» WORK TO COMPLETE:
Where a picture appears, leave it out, and transcribe all the lines below exactly.

» COLLECTED DATA:
[Start of section]

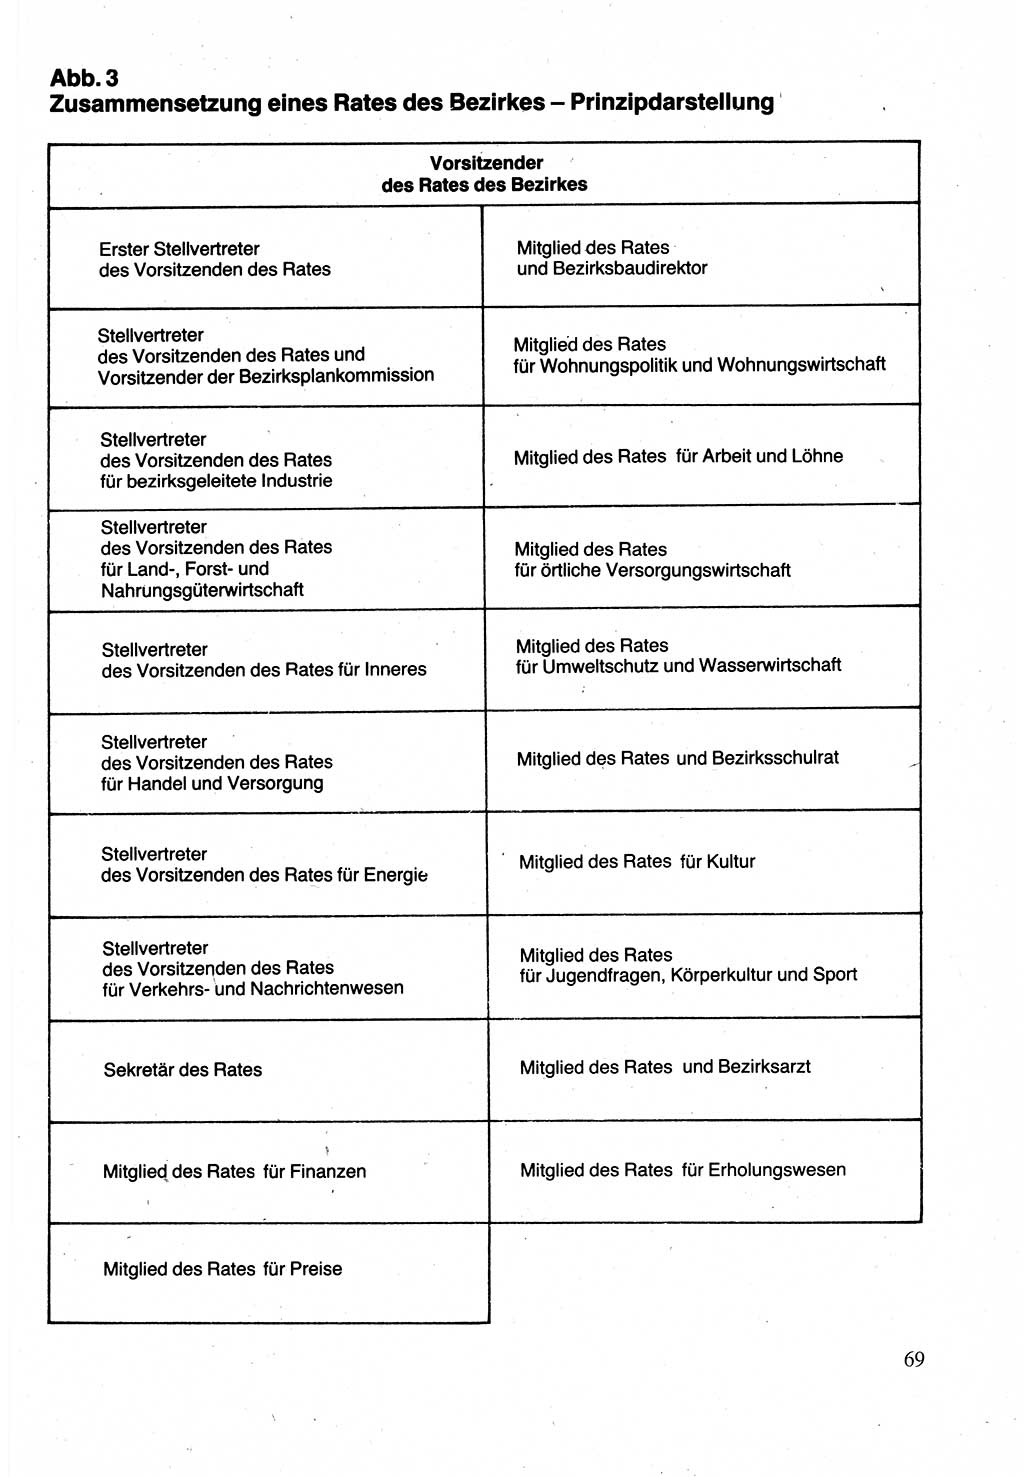 Verwaltungsrecht [Deutsche Demokratische Republik (DDR)], Lehrbuch 1988, Seite 69 (Verw.-R. DDR Lb. 1988, S. 69)
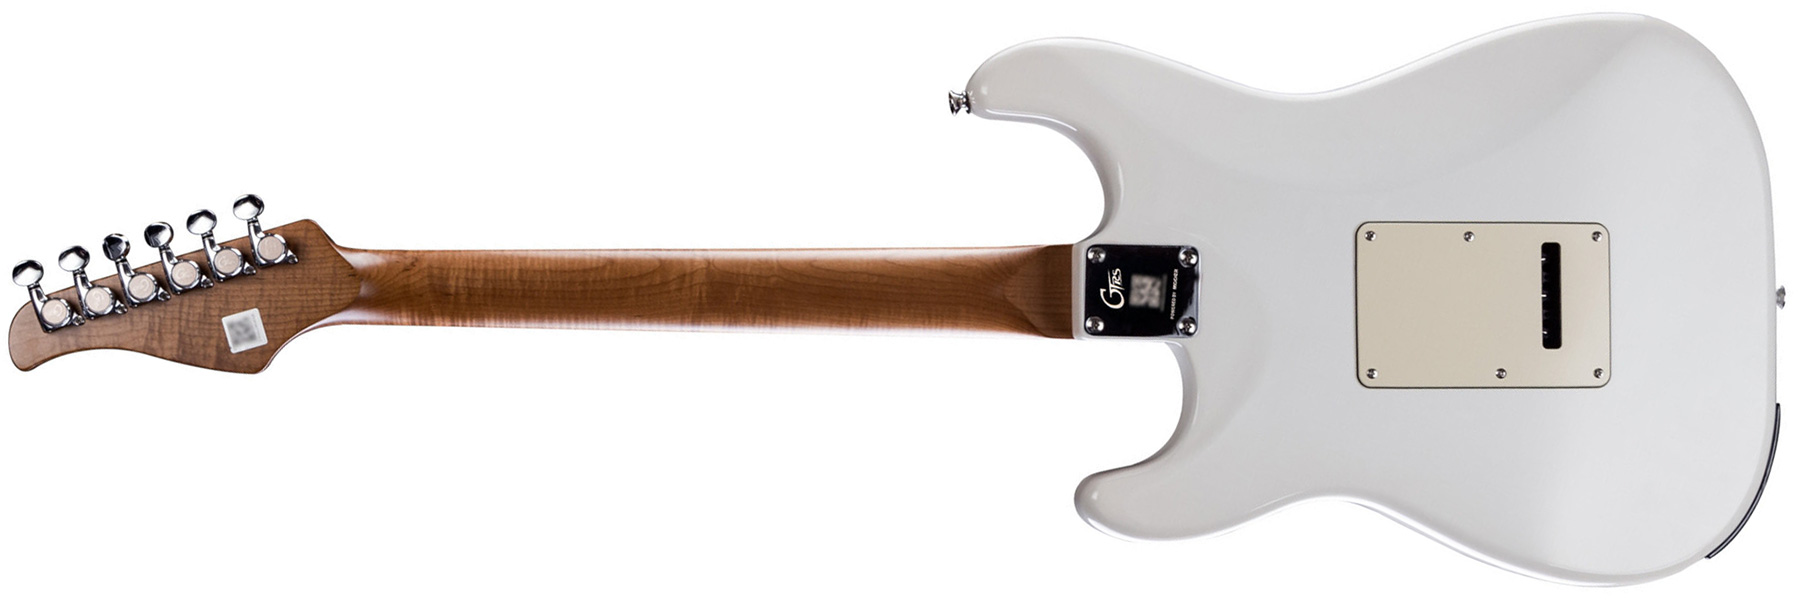 Mooer Gtrs P800 Pro Intelligent Guitar Hss Trem Rw - Olympic White - Midi-/Digital-/Modeling Gitarren - Variation 1
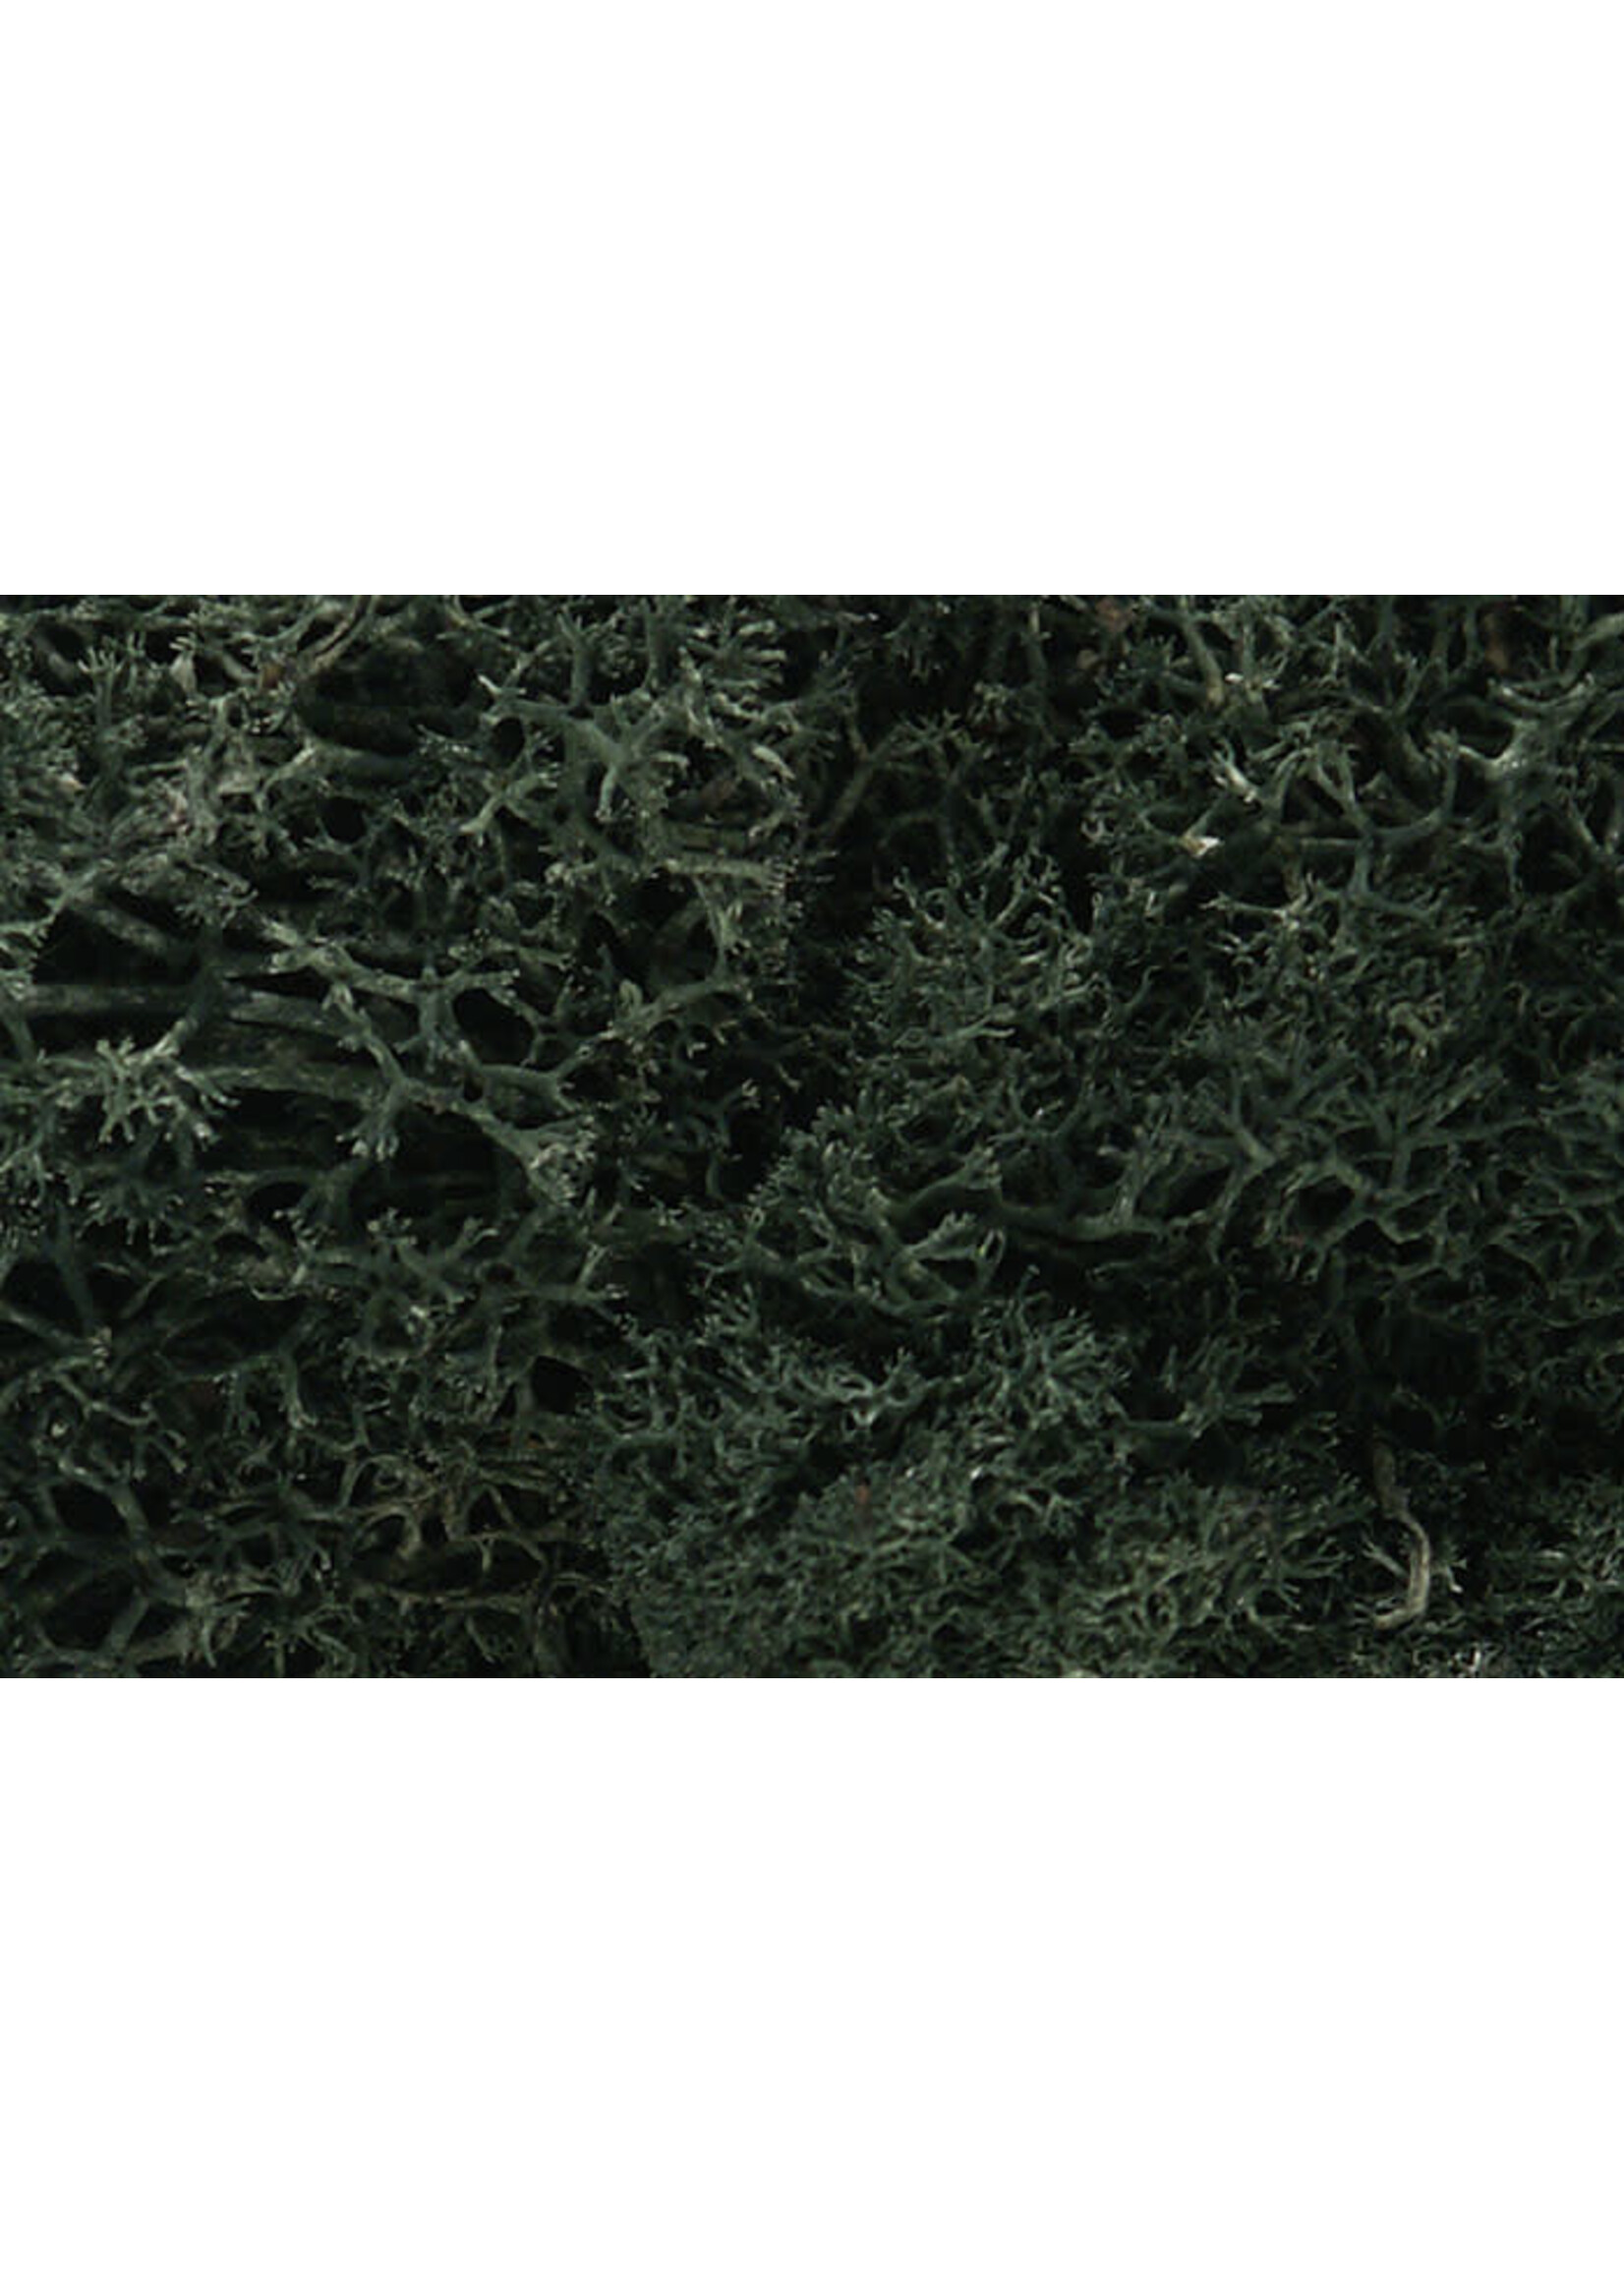 Woodland Scenics WOO164 Lichen Dark Green

[End of section]

» WRITTEN SOLUTION:
 Verwaltungsrecht [Deutsche Demokratische Republik (DDR)], Lehrbuch 1988, Seite 69 (Verw.-R. DDR Lb. 1988, S. 69)
 Mooer Gtrs P800 Pro Intelligent Guitar Hss Trem Rw - Olympic White - Midi-/Digital-/Modeling Gitarren - Variation 1
 Woodland Scenics WOO164 Lichen Dark Green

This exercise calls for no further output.